The first vials of the vaccine have been manufactured at Moderna’s Massachusetts manufacturing plant and shipped to NIAID for phase one human clinical trial. The trial began on 16 March at the Kaiser Permanente Washington Health Research Institute in Seattle, Washington. The trial is expected to take 14 months.
Testing in animals for the specific risk of vaccine enhancement, which should establish whether the vaccine is safe to expose larger numbers of people, will proceed simultaneously with human trials. And NIH will move to larger human studies only once human and animal studies confirm that the vaccine is safe. Trials that show whether a vaccine can prevent infections in people won’t proceed without such data from animals.
INO-4800 Vaccine development by Inovio Pharmaceuticals
Inovio Pharmaceuticals has collaborated with Beijing Advaccine Biotechnology Company to advance the development of the former vaccine, INO-4800, as a novel coronavirus vaccine. Inovio announced an accelerated timeline for the development of the vaccine on 03 March. The company has started pre-clinical testing for clinical product manufacturing.
Researchers reported injecting Inovio’s vaccine — a DNA molecule carrying instructions to make the spike protein — into mice and guinea pigs. They found that the animals produced both antibodies and T cells against the virus. Study leader Kate Broderick, Inovio’s senior vice-president for preclinical research and development, says that her team has now given the vaccine to monkeys and is soon to start studies in which vaccinated animals are infected with the virus to see whether they are protected.

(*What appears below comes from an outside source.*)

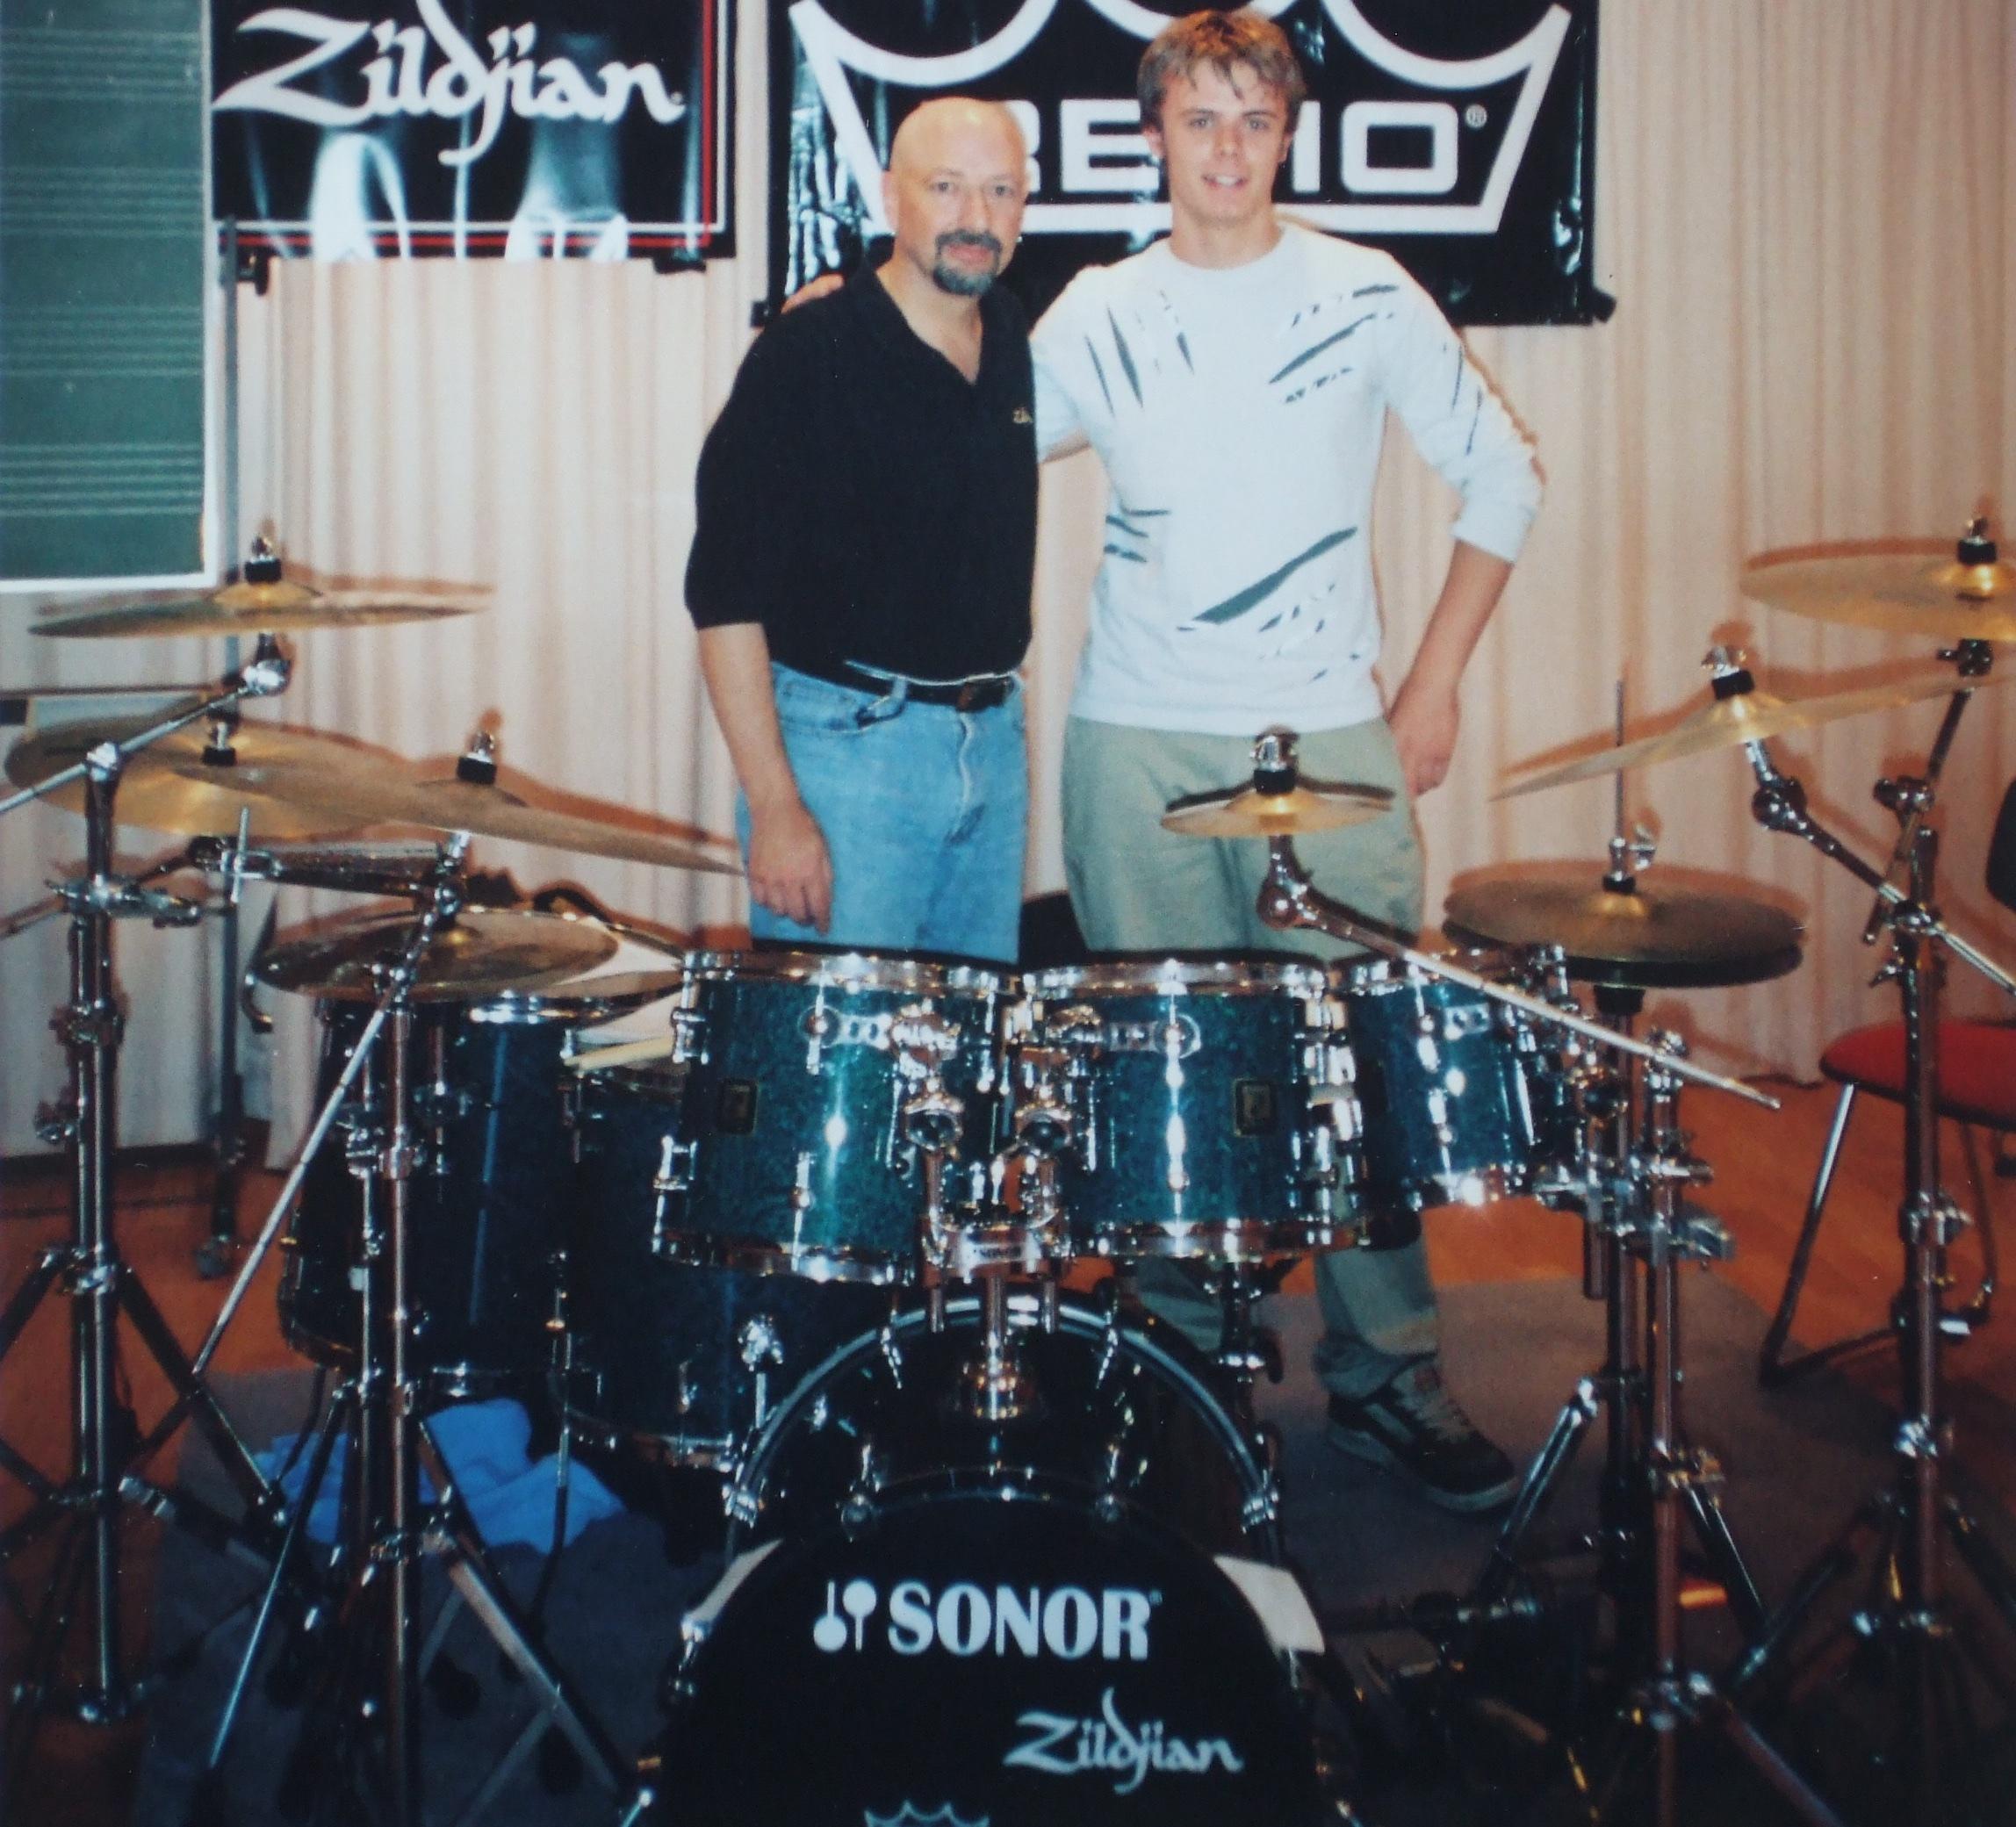 Ben, age 15, at Musikakademie Marktoberdorf,Germany,with Steve Smith.

Human clinical trials in 30 healthy volunteers are expected to commence in April 2020 in the US, followed by China, and South Korea. A phase one clinical trial is planned to be conducted in parallel in China, by Beijing Advaccine. Results from the clinical trials are expected to be available in September 2020.
Vaccine materials & development – University of Oxford
Oxford University will use CEPI funds to support the manufacture of vaccine materials required for animal testing and early-stage human safety trials. A research team at Oxford University’s Jenner Institute is already preparing to begin clinical testing of a novel coronavirus vaccine candidate.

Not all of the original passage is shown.